**INFORMATION SHOWN**
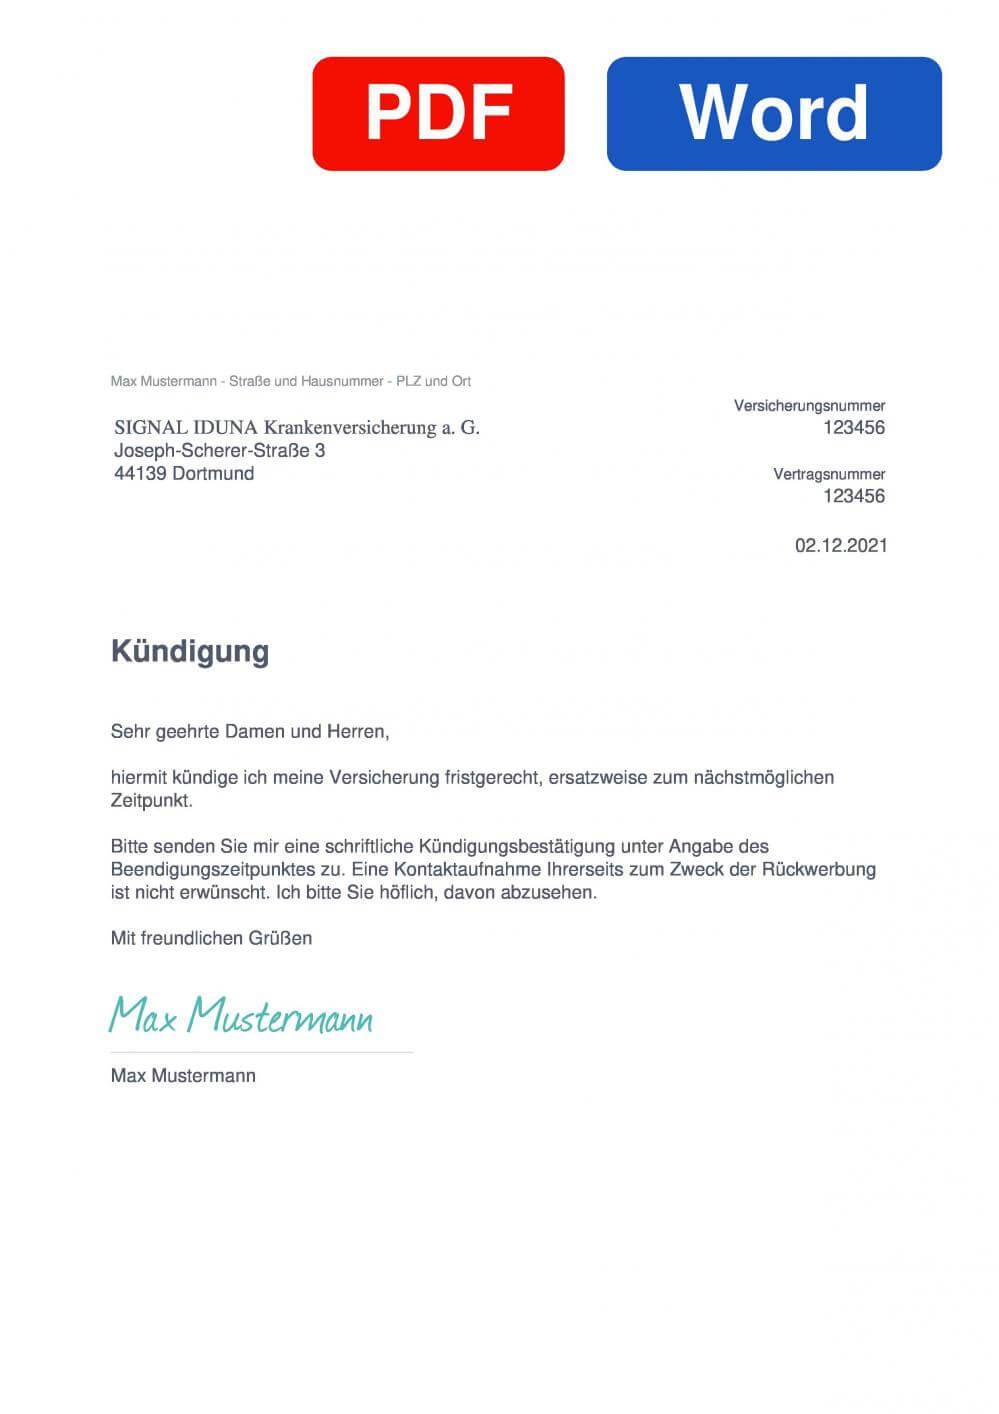 SIGNAL IDUNA Auslandskrankenversicherung Muster Vorlage für Kündigungsschreiben
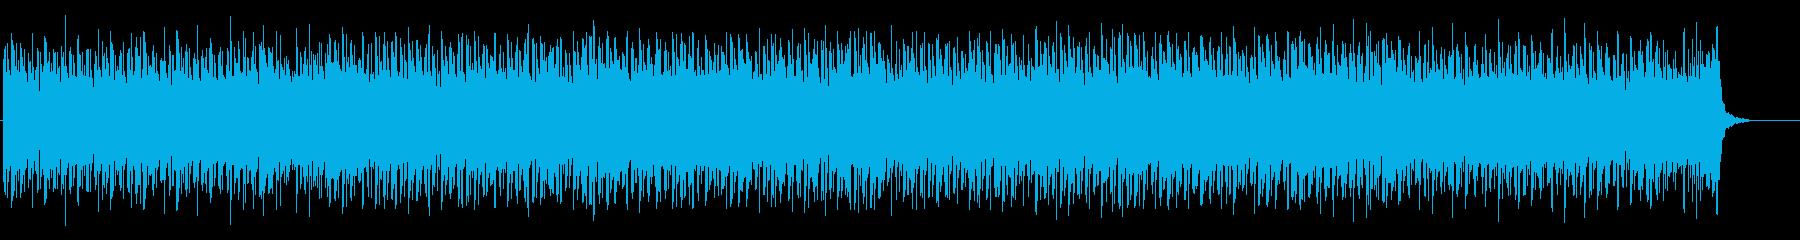 どこか寂しいエレクトロニカBGMの再生済みの波形
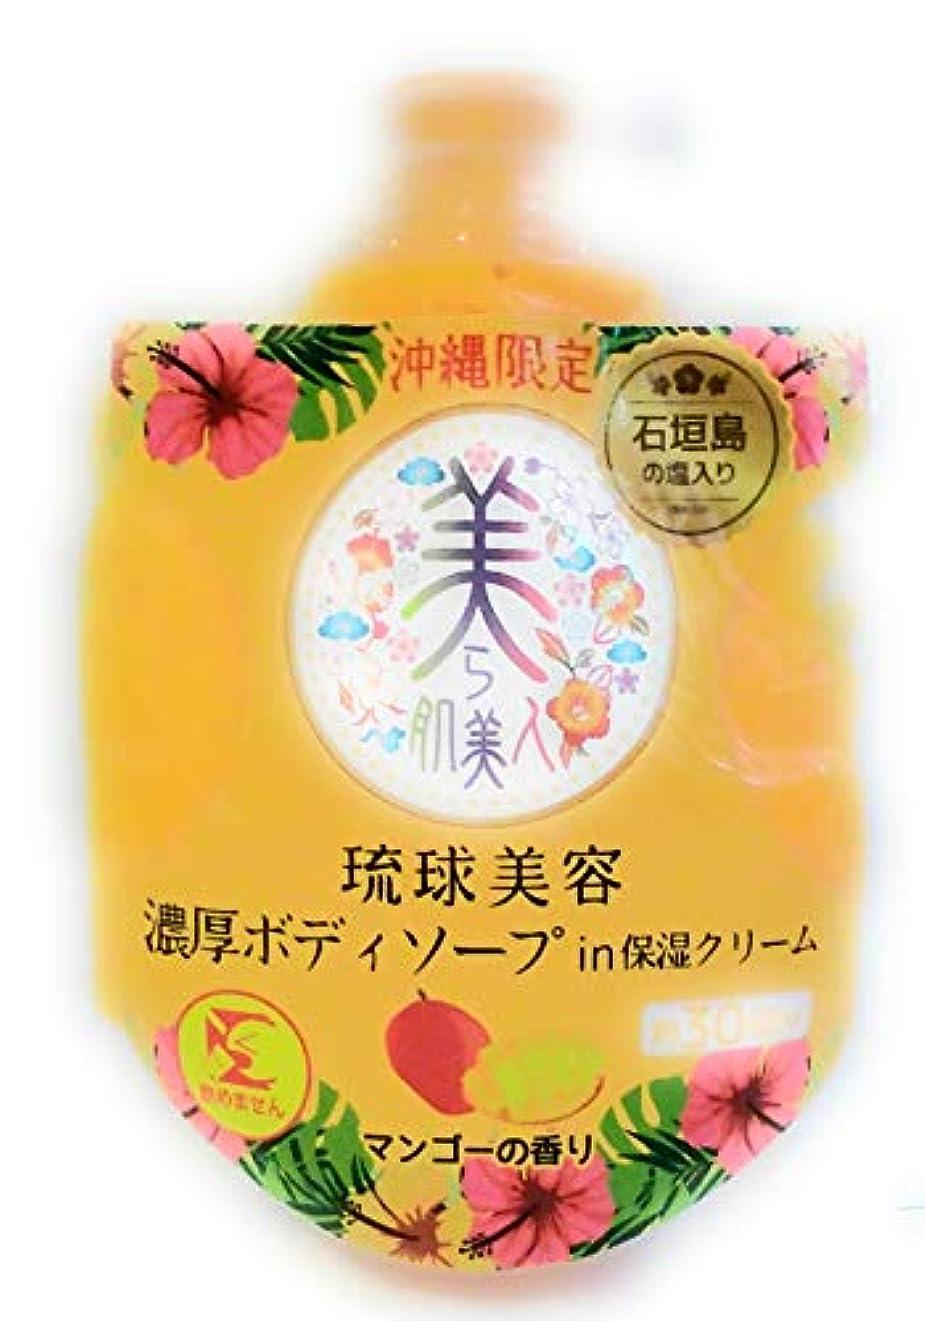 電報建てる大学生沖縄限定 美ら肌美人 琉球美容濃厚ボディソープin保湿クリーム マンゴーの香り

**PROBLEM TO SOLVE**
Restate word for word, please, the line containing "どこか寂しいエレクトロニカBGMの再生済みの波形" and all lines after it through the end of the material; the pictures do not belong in the copy.

**COMPLETED EXERCISE**
 どこか寂しいエレクトロニカBGMの再生済みの波形
 電報建てる大学生沖縄限定 美ら肌美人 琉球美容濃厚ボディソープin保湿クリーム マンゴーの香り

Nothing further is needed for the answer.